Aux États-Unis, entre 1940 et 1960, c’est le legs de la ségrégation et la naissance de la black psychoanalysis. Patricia Gherovici, psychanalyste exerçant au cœur de la communauté hispanique de Philadelphie, nous fait saisir ce que signifie la « colonisation intérieure » avec sa découverte d’un diagnostic mystérieux, dont elle n’avait jamais entendu parler : le « syndrome portoricain ». Ailleurs, c’est l’Afrique de l’Ouest à l’ombre des travaux de Georges Devereux, fondateur de l’ethnopsychanalyse, et l’Afrique du Sud où la psychanalyse est confrontée à la Réconciliation nationale après l’apartheid. C’est l’Amérique du Sud où les destins de la psychanalyse au Brésil et en Argentine sont très différents, mais toujours en butte au totalitarisme. C’est encore la Chine, nouveau continent pour la psychanalyse depuis les années 1990 et le post-maoïsme.
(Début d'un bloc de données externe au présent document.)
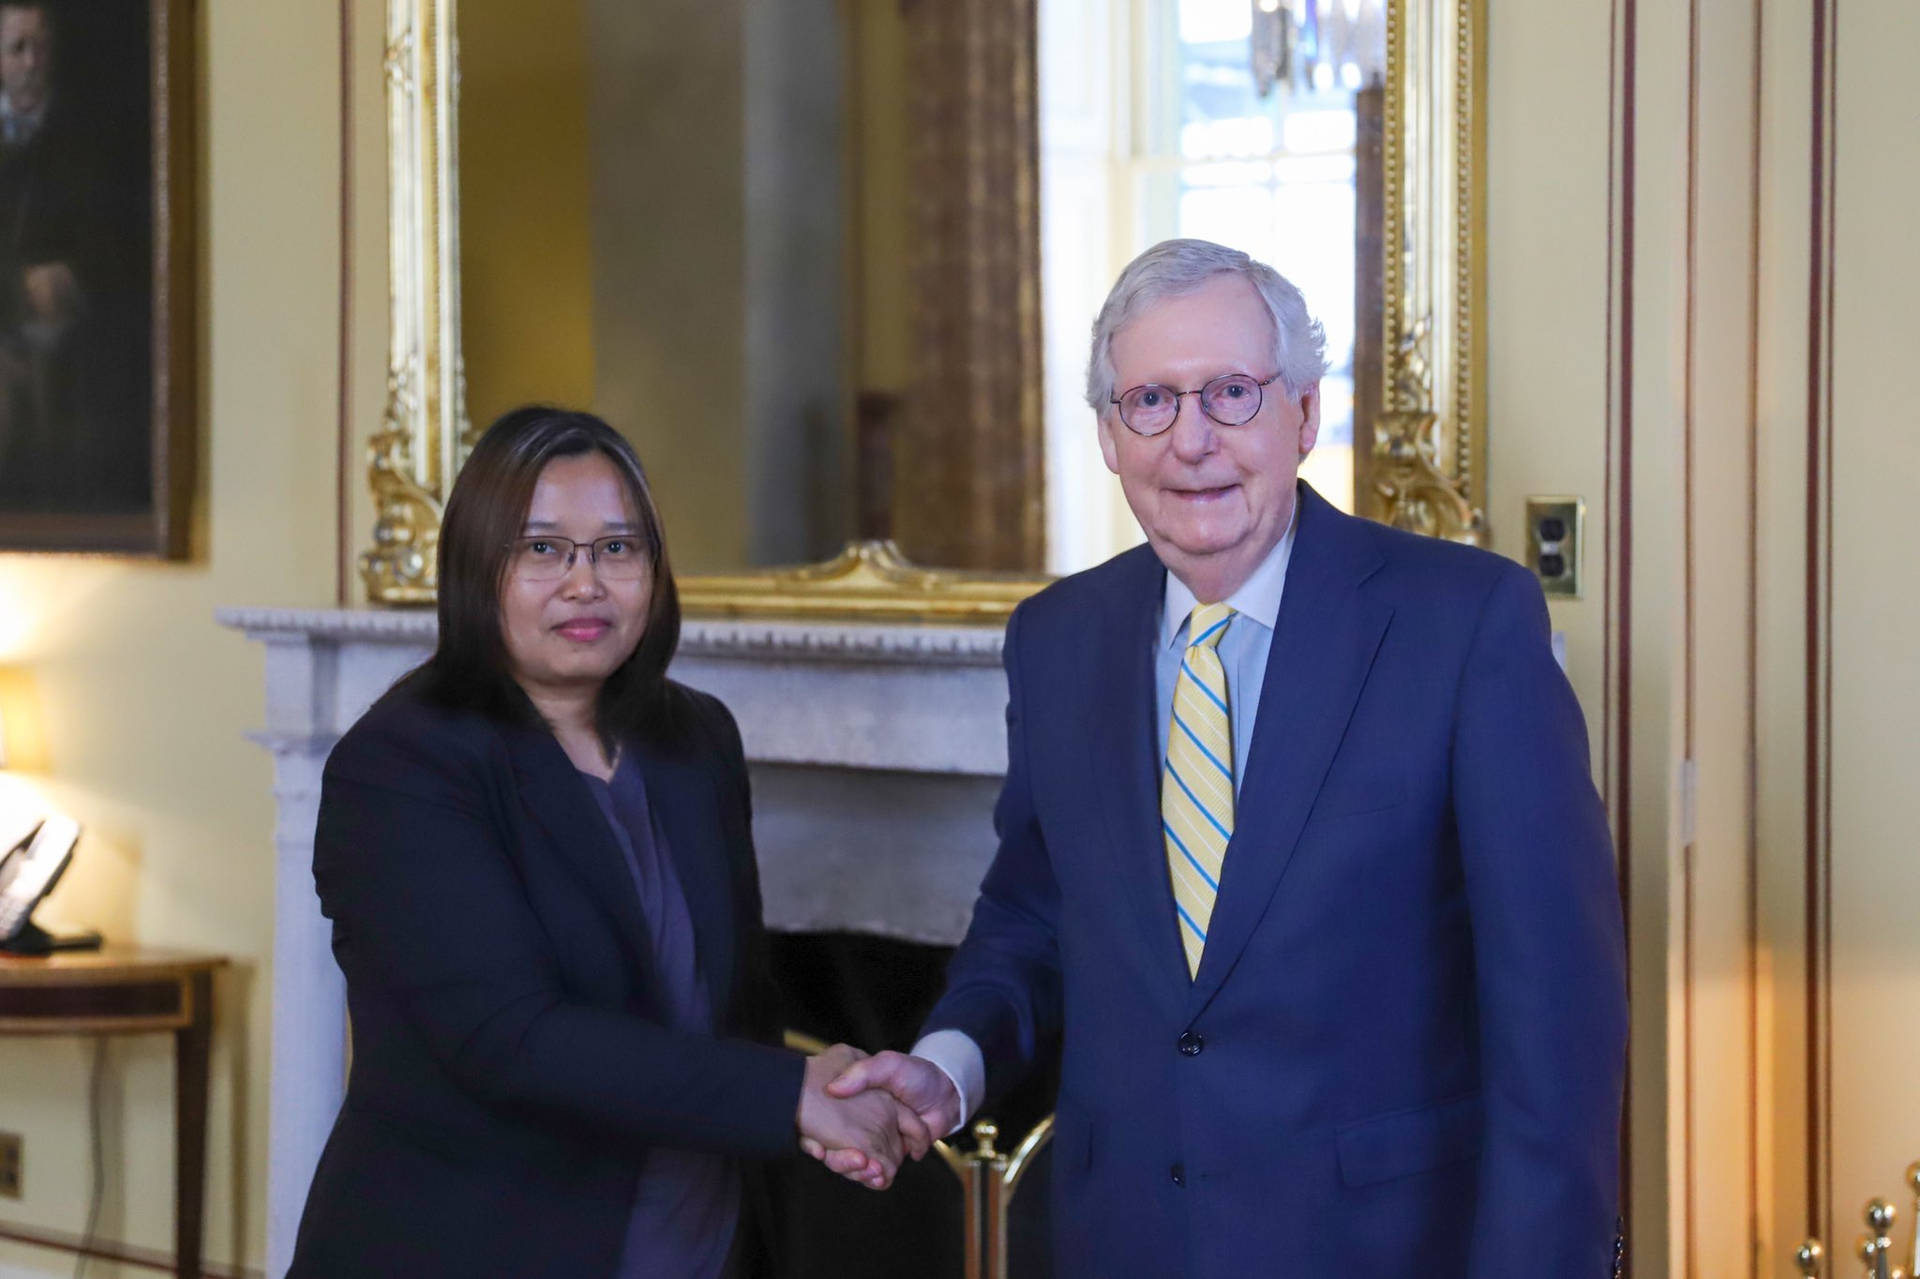 Mitch McConnell in discussion with Zin Mar Aung Wallpaper

Freudo-marxisme, afro-pessimisme, anti-black, lacano-althussérisme, on le comprend, cet ouvrage est engagé, ses contributeurs sont fougueux. La psychanalyse y est vue autant comme une praxis clinique que comme un discours théorique, donc politique, qu’il s’agit de défaire d’une empreinte coloniale. Vienne fin de siècle n’a pas plus à s’imposer sous les tropiques que dans l’hémisphère sud.
« L’apparition de la psychanalyse dans le champ social est vite problématique lorsque l’analyste analysé en Occident arrive avec sa croyance quasi religieuse en l’universalité du psychisme inconscient qui vaut mépris de la différence de l’autre. […]
Au début de ma pratique en Algérie, j’étais bien embarrassée par la manière dont Dieu faisait ses entrées en séance, sans crier gare. […] Exercer la psychanalyse en Algérie, c’est prendre le risque, à chaque tournant de la parole, d’y rencontrer Dieu et l’État comme signifiants multidirectionnels du sujet. »
Parmi de nombreux autres, le remarquable écrit de Karima Lazali nous fait entendre ce que suppose la psychanalyse dans le reste du monde : oublier l’universalité, prendre le risque d’y rencontrer ce qui est absent ailleurs.
Patrick Avrane est psychanalyste et écrivain. Dernier livre paru : Hériter. Une histoire de famille, PUF, 2022.